Containment of COVID-19: Simulating the impact of different policies and testing capacities for contact tracing, testing, and isolation

Affiliations

Containment of COVID-19: Simulating the impact of different policies and testing capacities for contact tracing, testing, and isolation

Vincenzo G Fiore et al. PLoS One. .

Abstract

Efficient contact tracing and testing are fundamental tools to contain the transmission of SARS-CoV-2. We used multi-agent simulations to estimate the daily testing capacity required to find and isolate a number of infected agents sufficient to break the chain of transmission of SARS-CoV-2, so decreasing the risk of new waves of infections.

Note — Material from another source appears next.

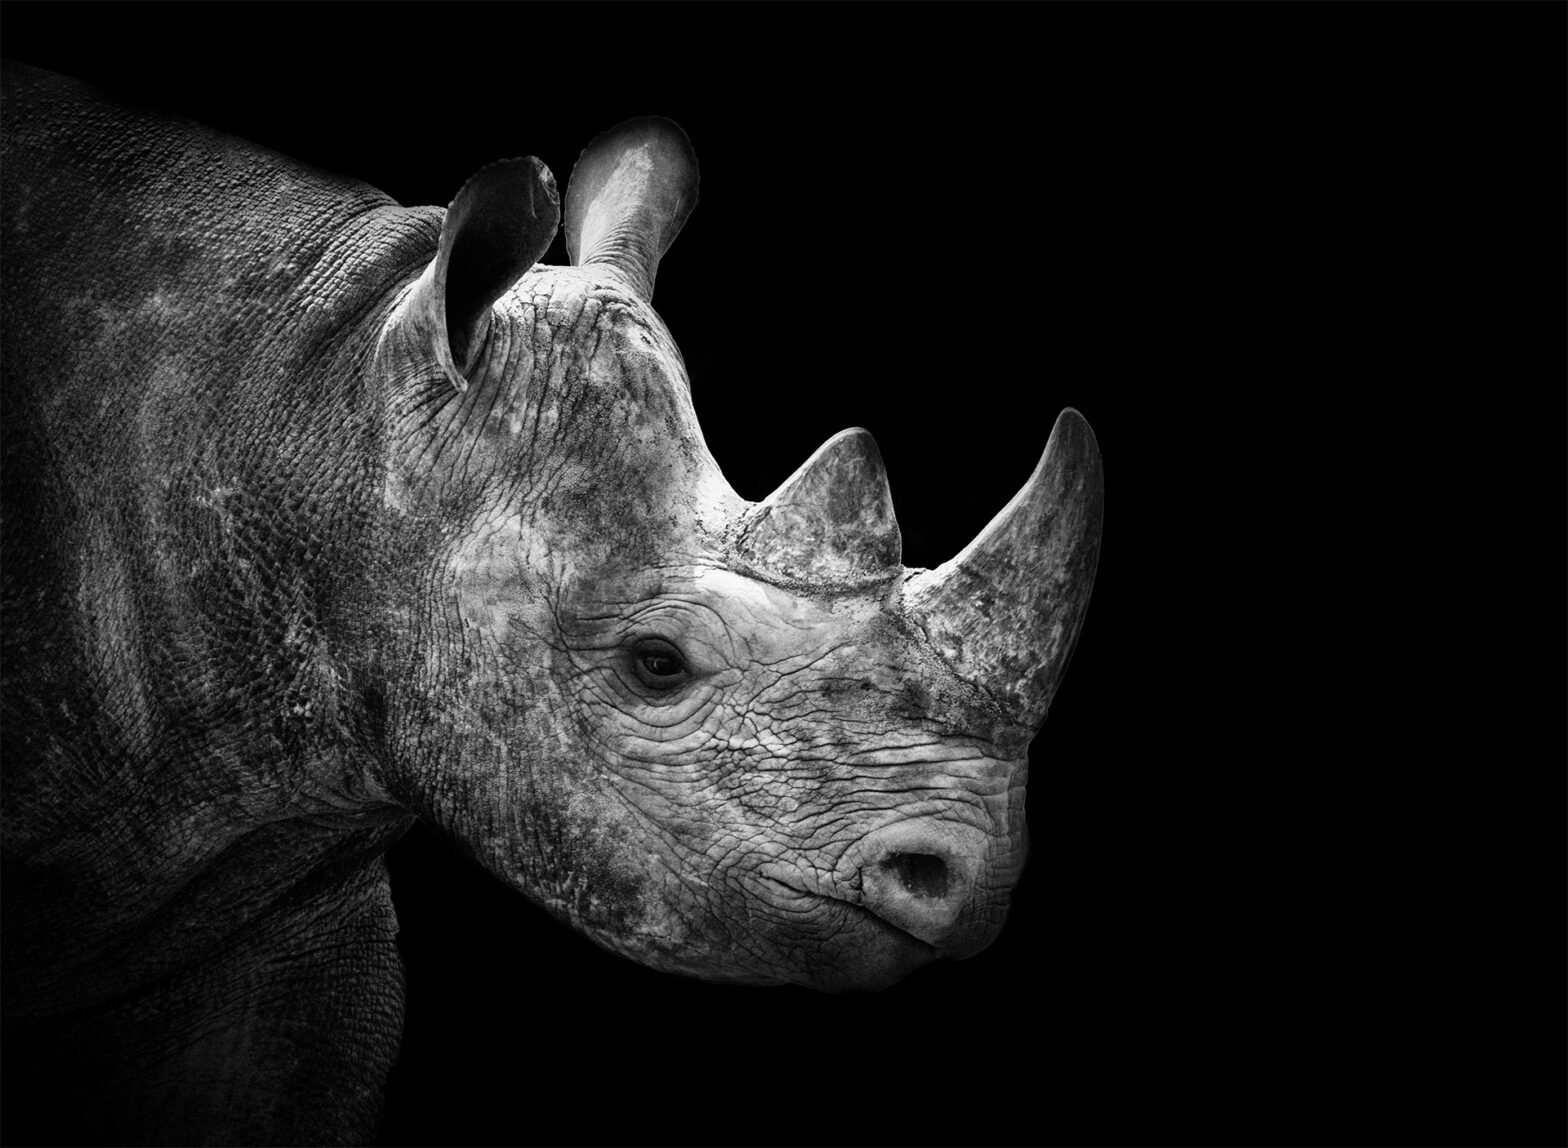 De Beers boosts rhino rescue in Botswana – De Beers Group
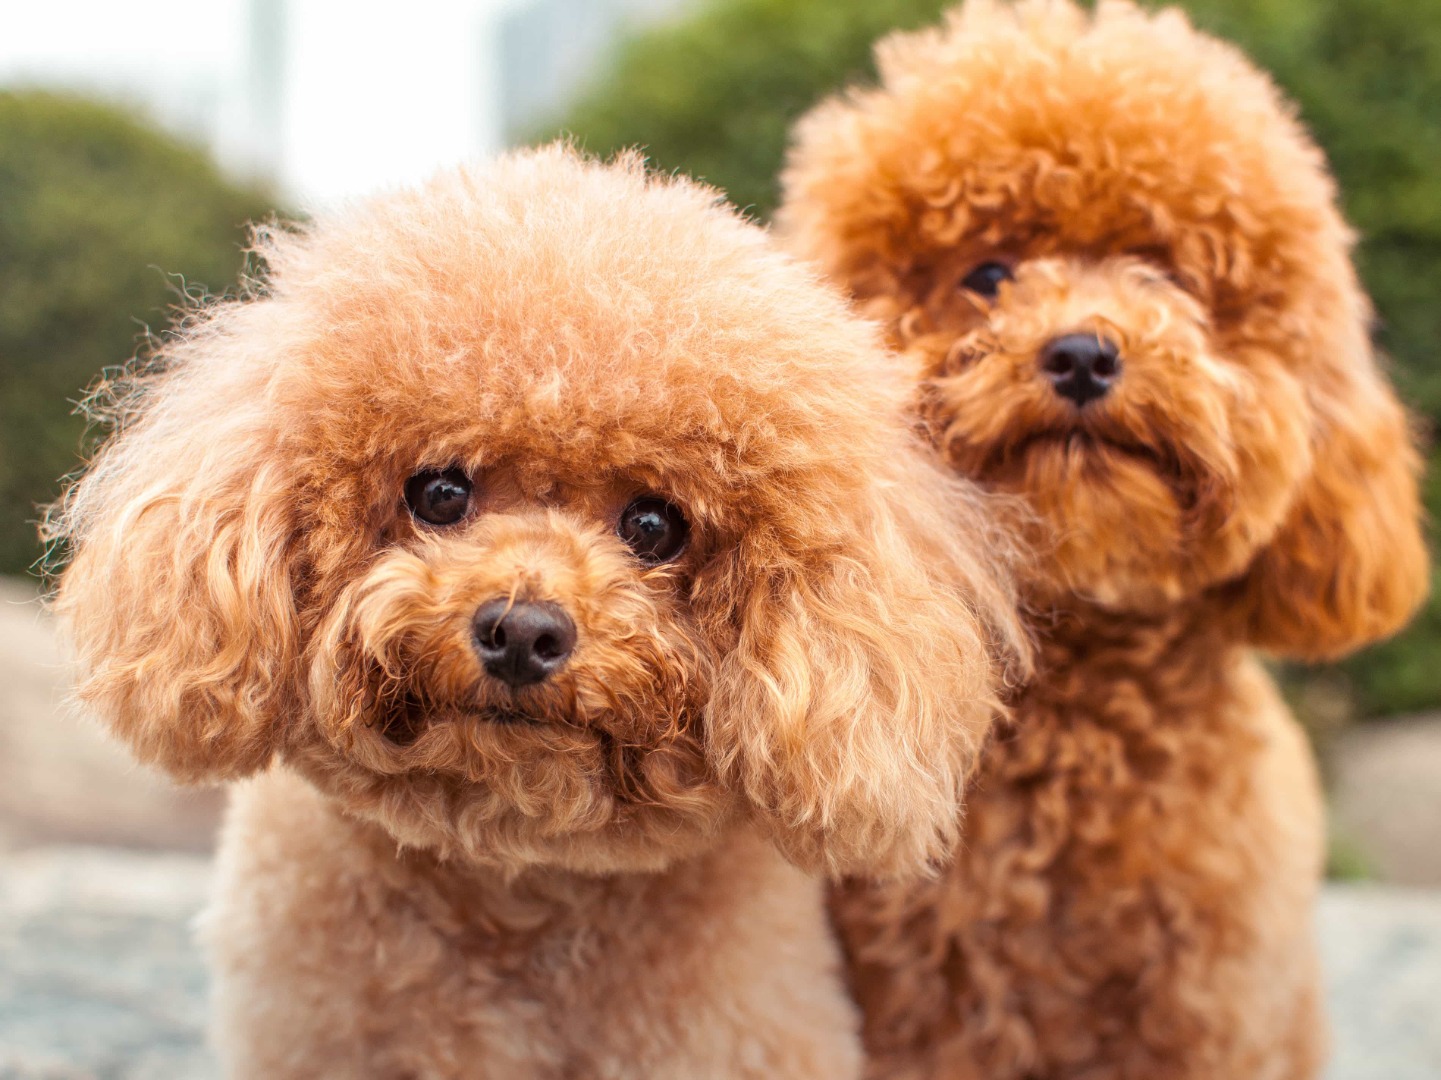 Dünyada ilk: Cins köpek klonlandı

Depending on the non-pharmaceutical mitigation policies in place, the size of secondary infection clusters allowed or the percentage of asymptomatic and paucisymptomatic (i.e., subclinical) infections, we estimated that the daily testing capacity required to contain the disease varies between 0.7 and 9.1 tests per thousand agents in the population. However, we also found that if contact tracing and testing efficacy dropped below 60% (e.g. due to false negatives or reduced tracing capability), the number of new daily infections did not always decrease and could even increase exponentially, irrespective of the testing capacity. Under these conditions, we show that population-level information about geographical distribution and travel behaviour could inform sampling policies to aid a successful containment, while avoiding concerns about government-controlled mass surveillance.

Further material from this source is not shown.